Des dames faisaient des achats dans le magasin. Je regardais le libraire. Je regardais les dames. Non ! je ne pouvais pas dire ce que j’avais à dire. Je lui achetai le Courrier de la Plata.

Je n’avais pas fait quinze mille kilomètres pour acheter le Courrier de la Plata. J’avisai le libraire. Je l’entraînai dans un coin :

— Voici, est-ce vous le patron ? Bien. Je viens pour une chose spéciale. Votre librairie est le rendez-vous des Français trafiquants de femmes…
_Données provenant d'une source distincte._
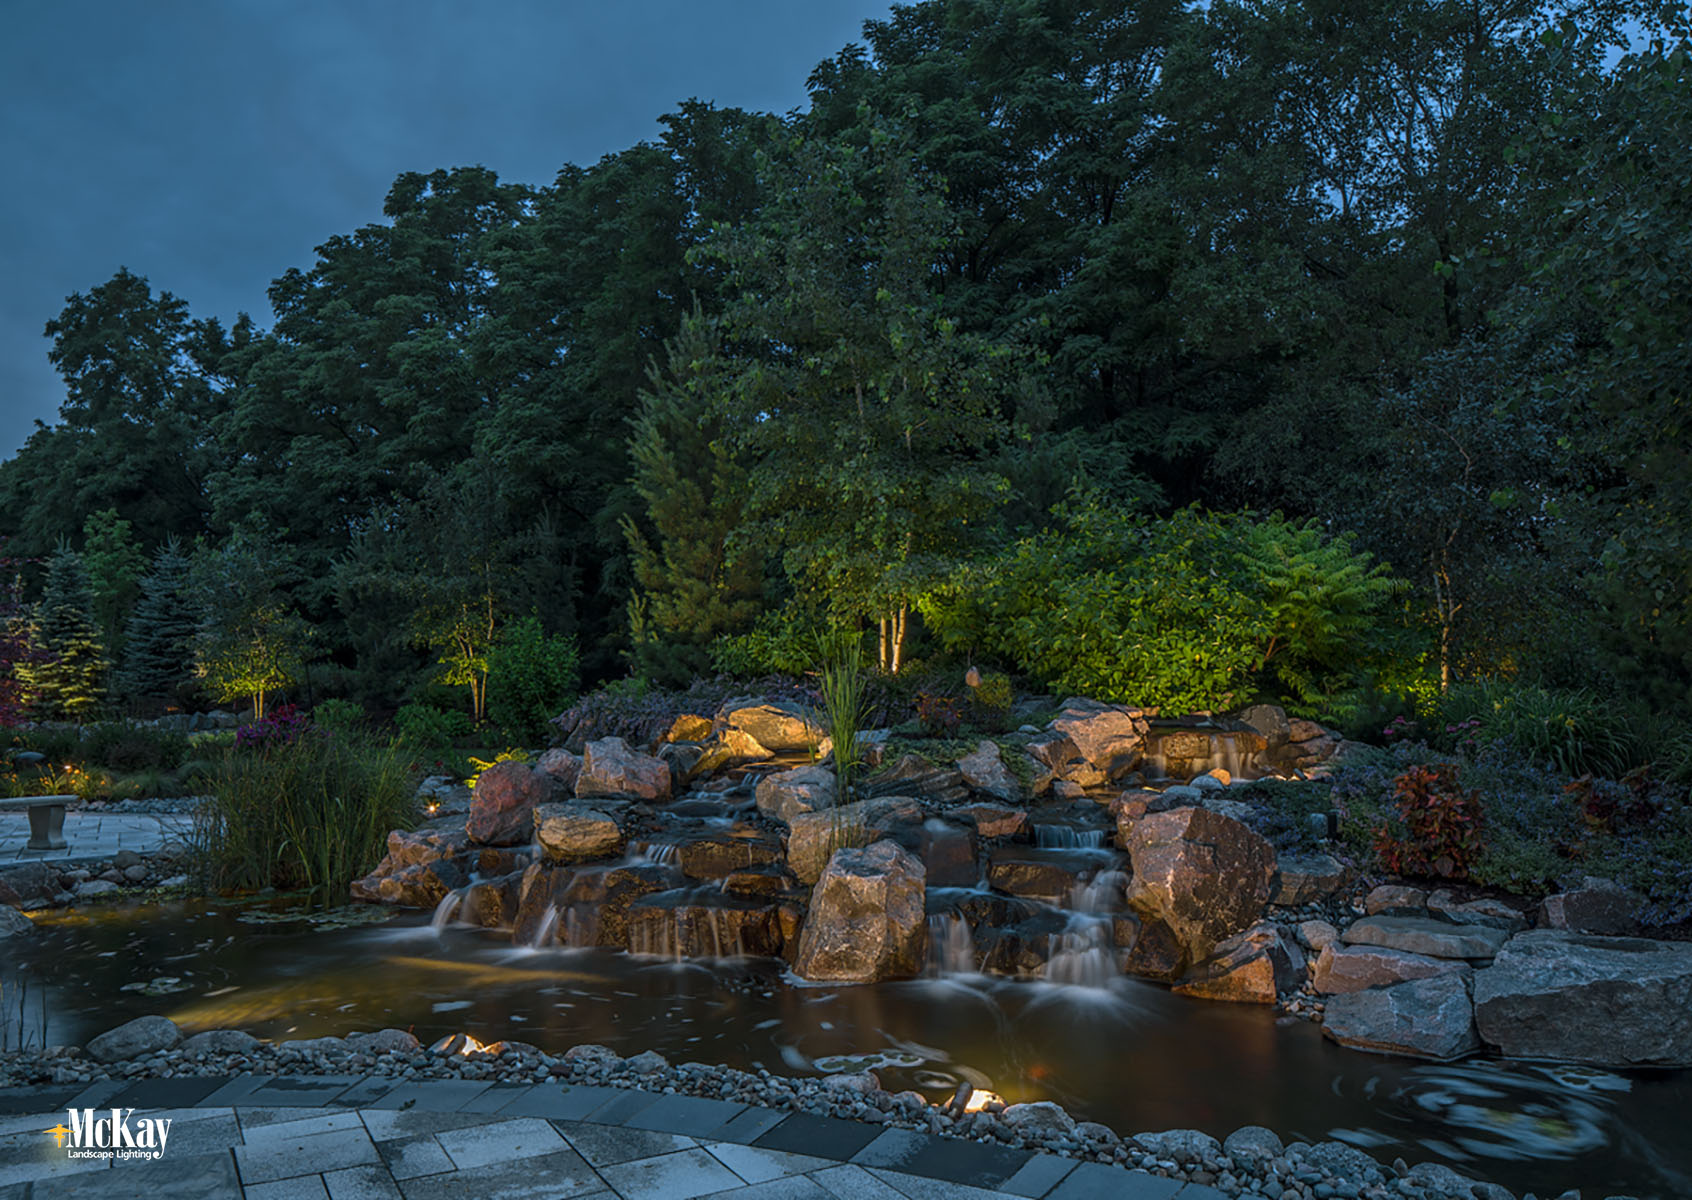 Landscape Lighting Design - Outdoor Pond Waterfall Elkhorn Nebraska | McKay Landscape Lighting
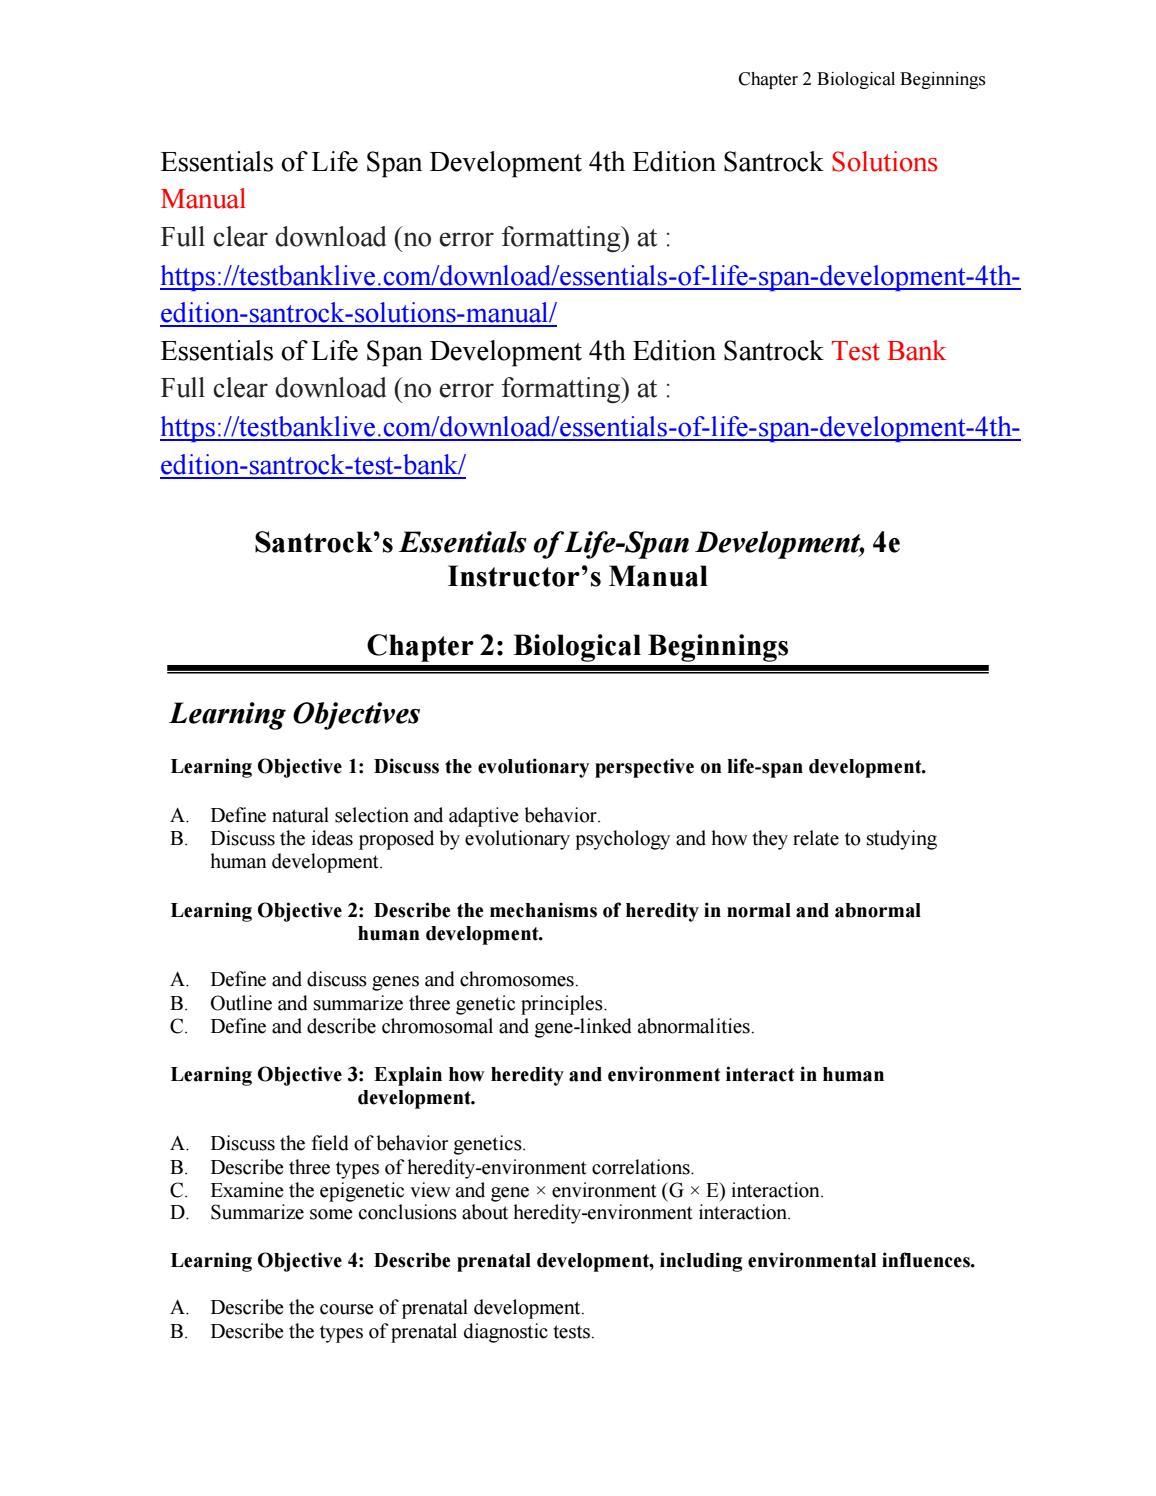 Essentials of life span development 4th edition santrock solutions manual  by bill565 - issuu

Ce fut du joli ! Je m’y attendais.

— Calmez-vous !

Je voyais un libraire en fureur. Un libraire ou un éditeur en fureur c’est un beau spectacle pour un misérable auteur. On peut toujours espérer qu’ils en mourront !

— Vous êtes leur poste restante. Leurs lettres sont adressées ici. Ici ils viennent les chercher. J’en sais presque autant que vous. Si vous ne vous étiez pas fâché je me serais expliqué, déjà. Voulez-vous que je m’explique ?

— Alors passons ici.

C’était une arrière-boutique. Des livres occupaient les chaises : des Giraudoux, des Morand, des François Mauriac. Je ne pouvais pourtant pas m’asseoir sur ces Messieurs.